■ **Try it**:
Pictures in the data below are not part of the copy; transcribe everything else exactly.
── Source material
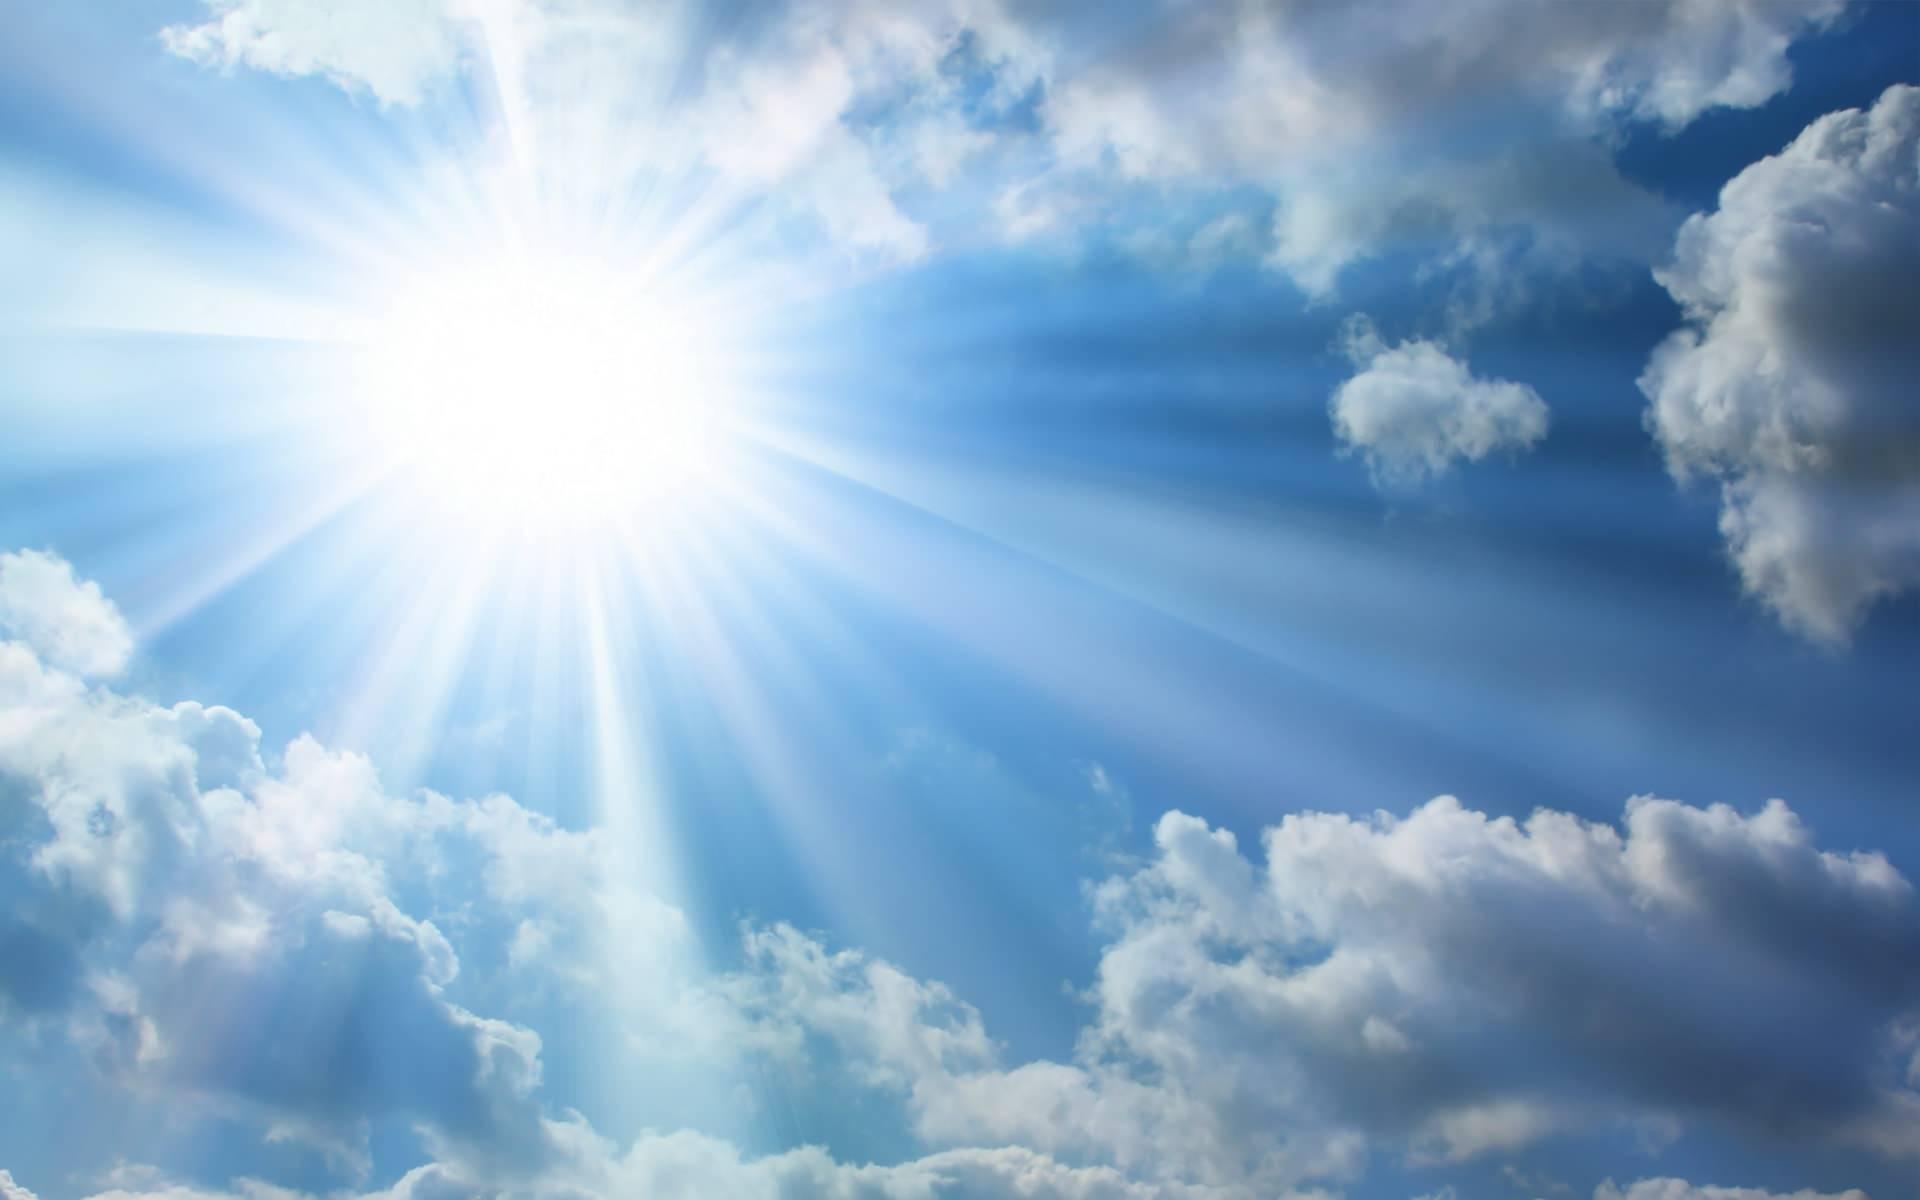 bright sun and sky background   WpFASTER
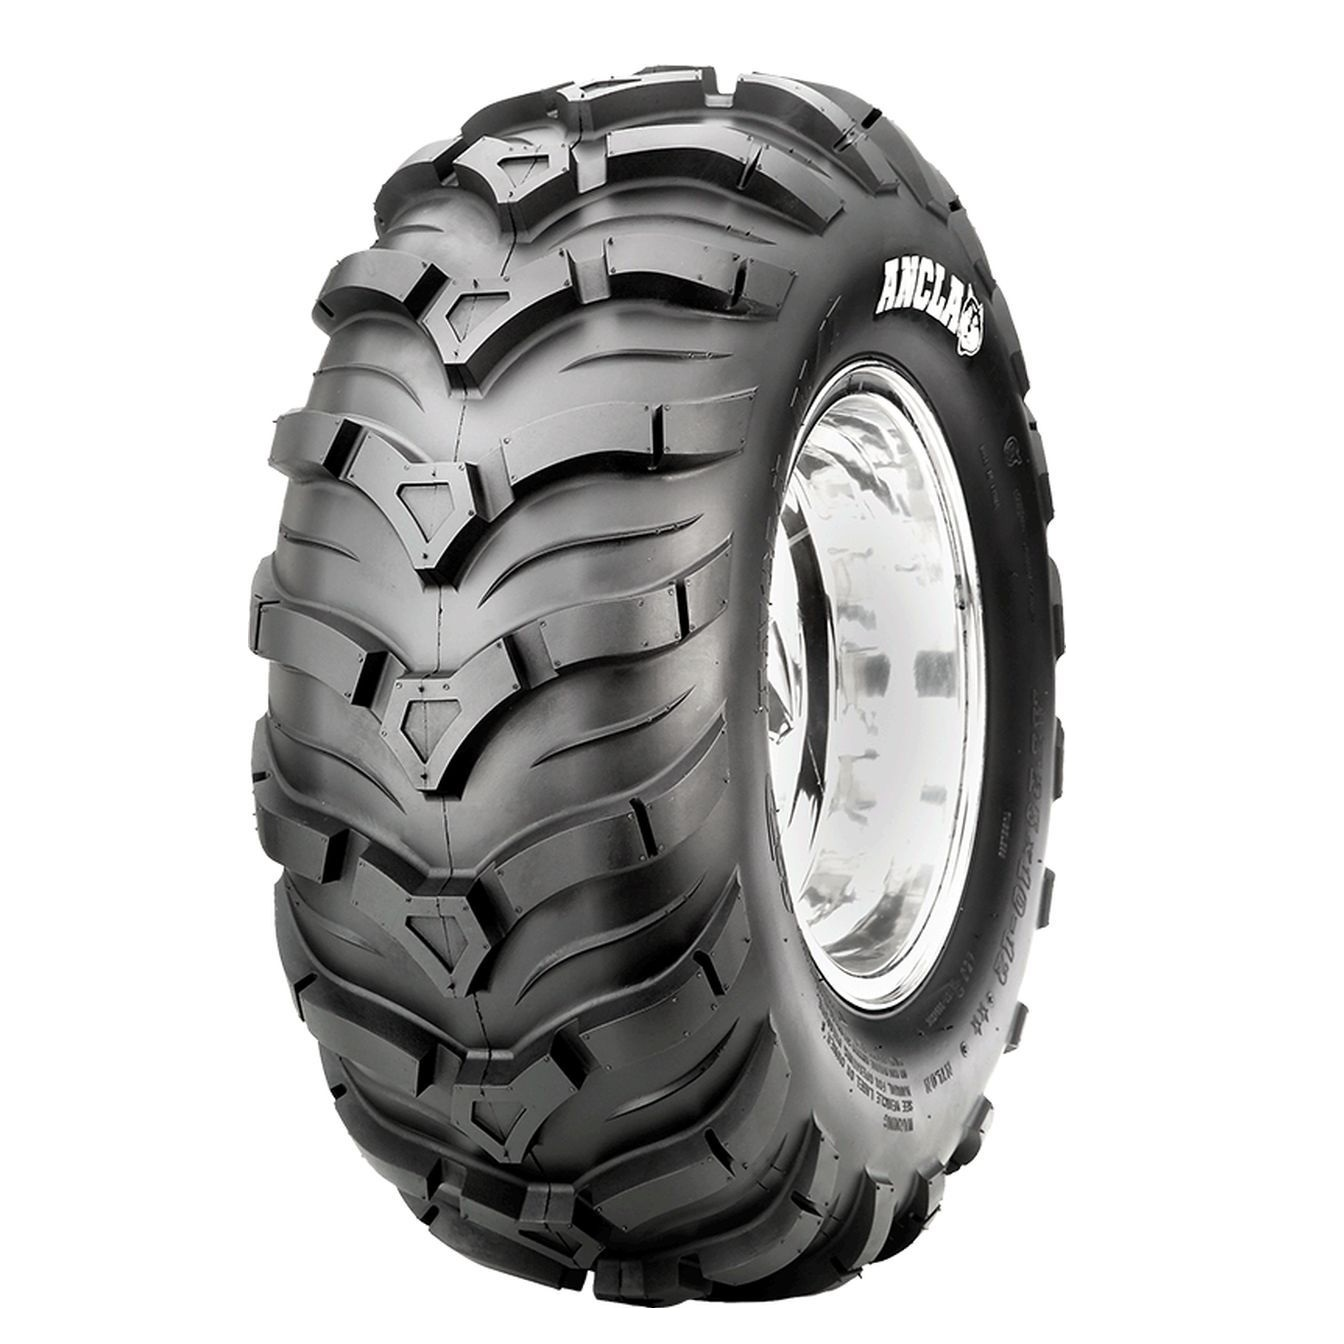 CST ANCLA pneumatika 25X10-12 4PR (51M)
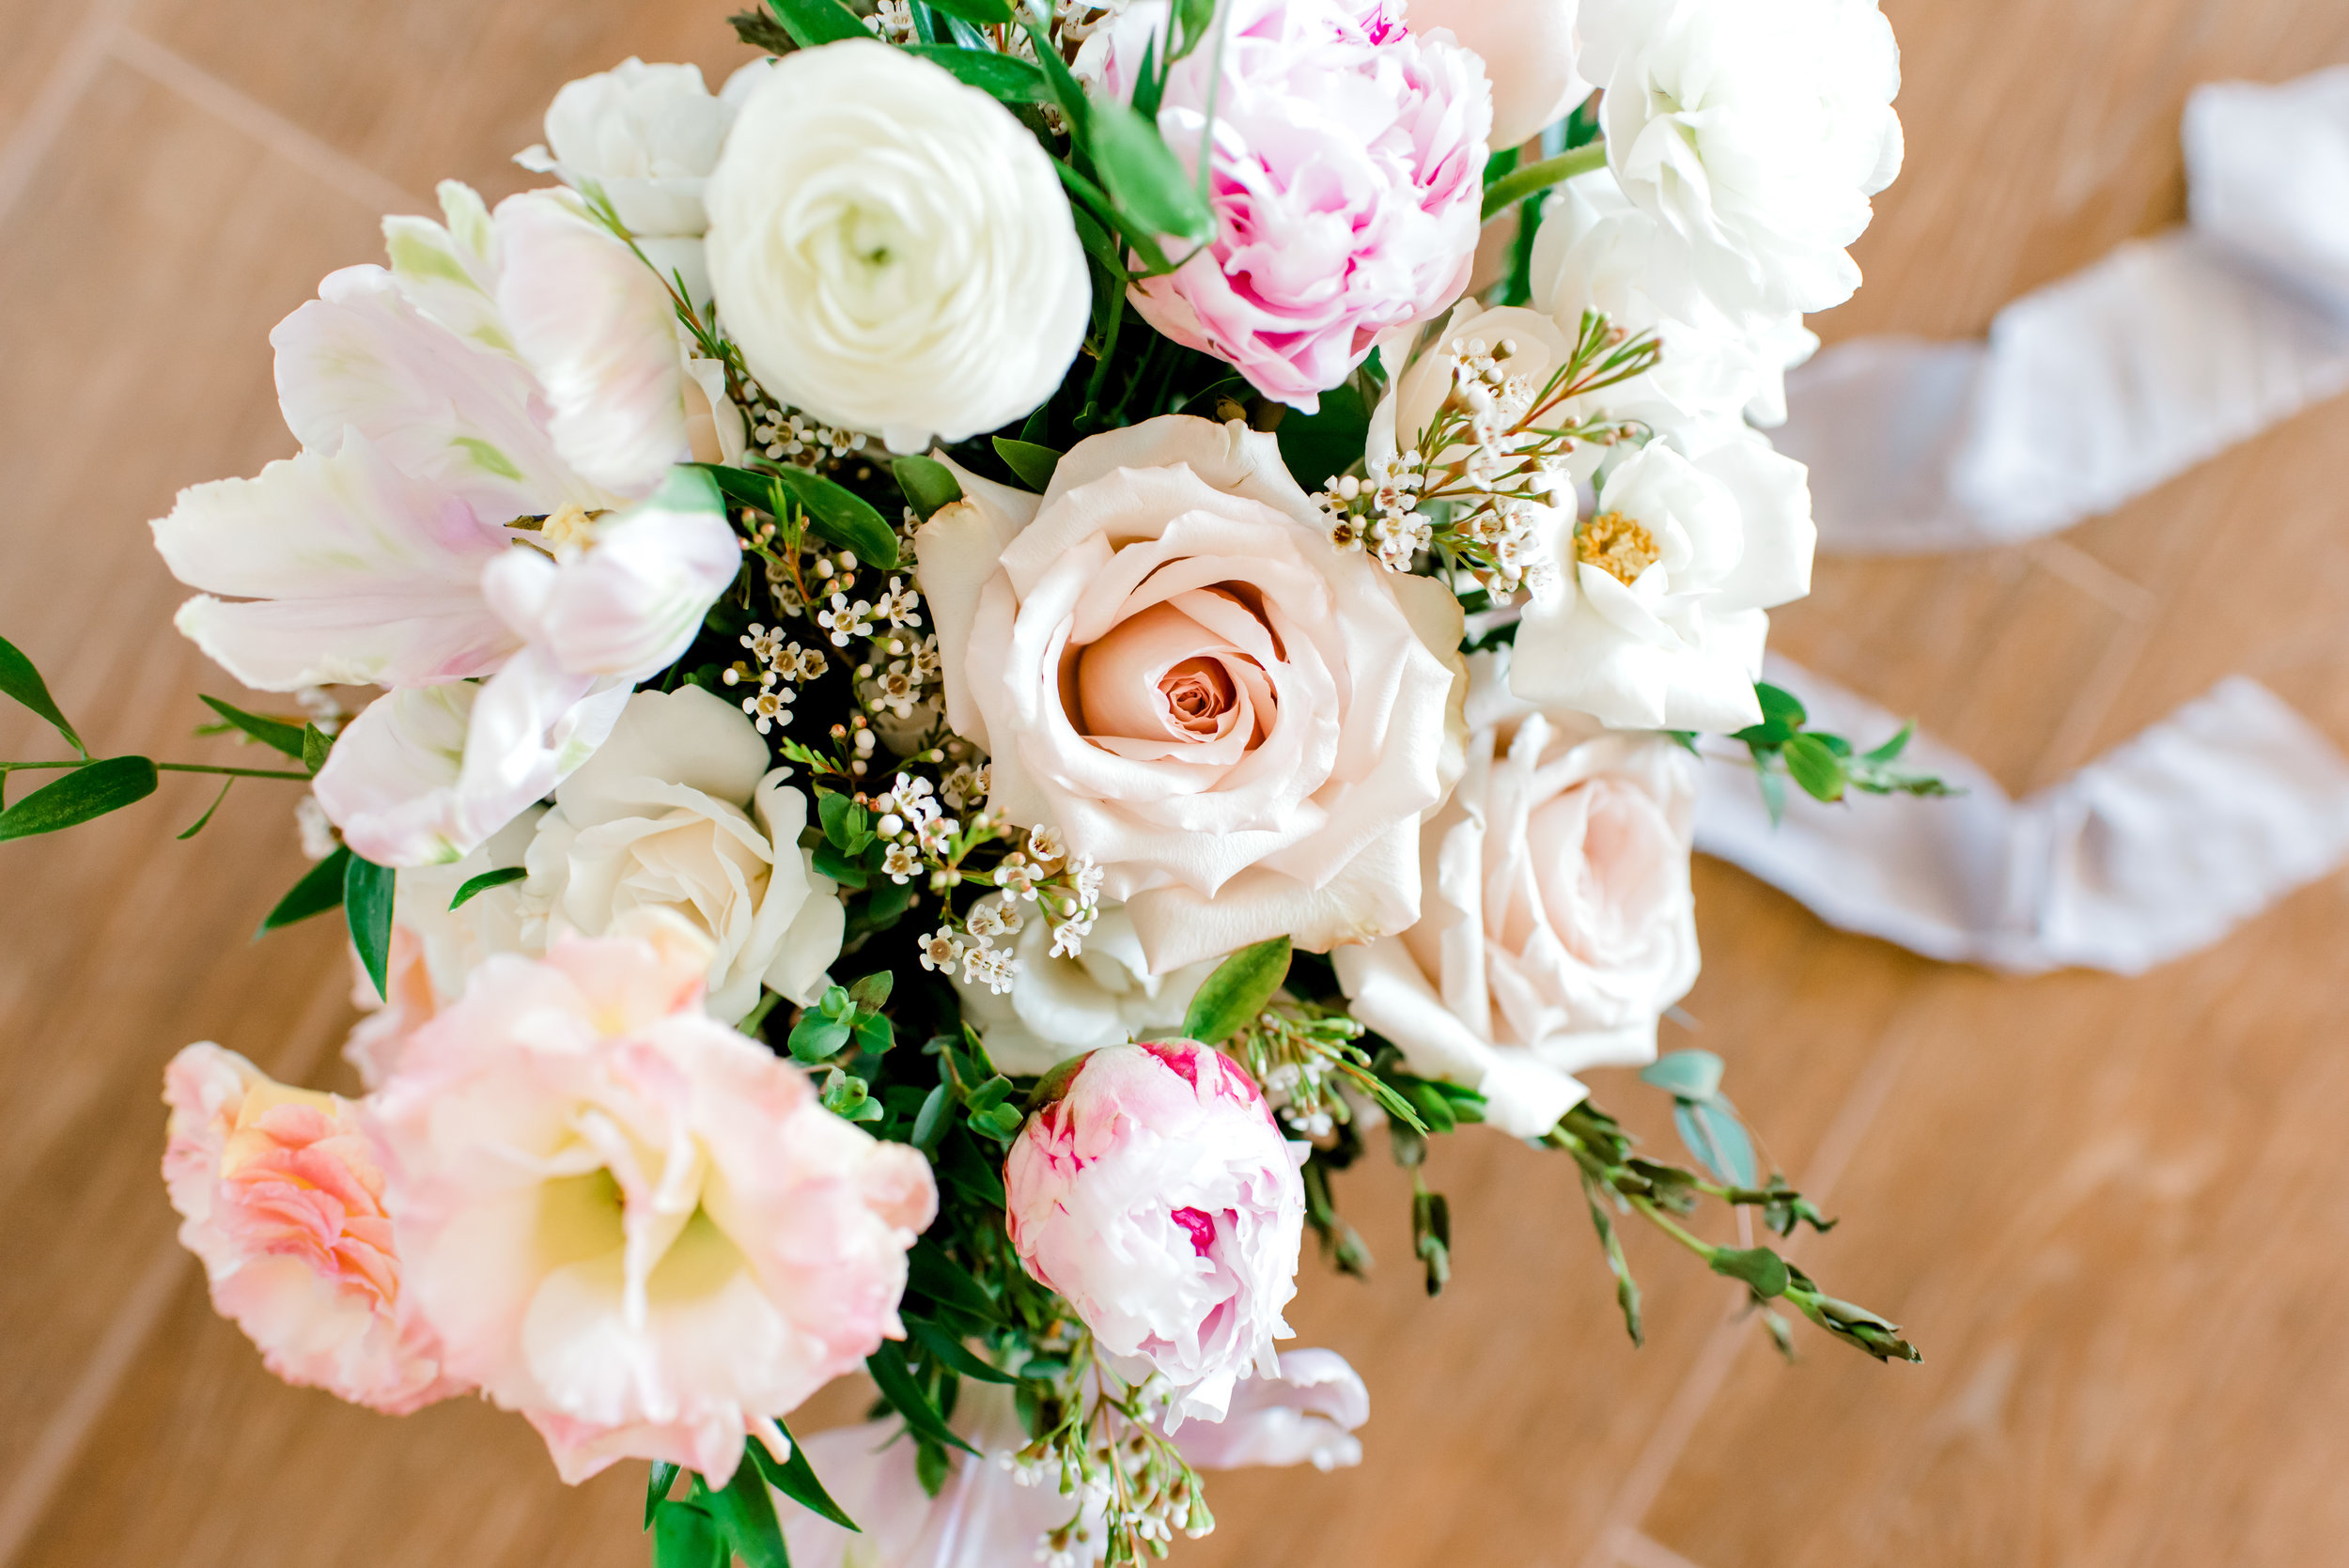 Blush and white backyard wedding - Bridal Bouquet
────
■ **Response box**:
 bright sun and sky background   WpFASTER
 CST ANCLA pneumatika 25X10-12 4PR (51M)
 Blush and white backyard wedding - Bridal Bouquet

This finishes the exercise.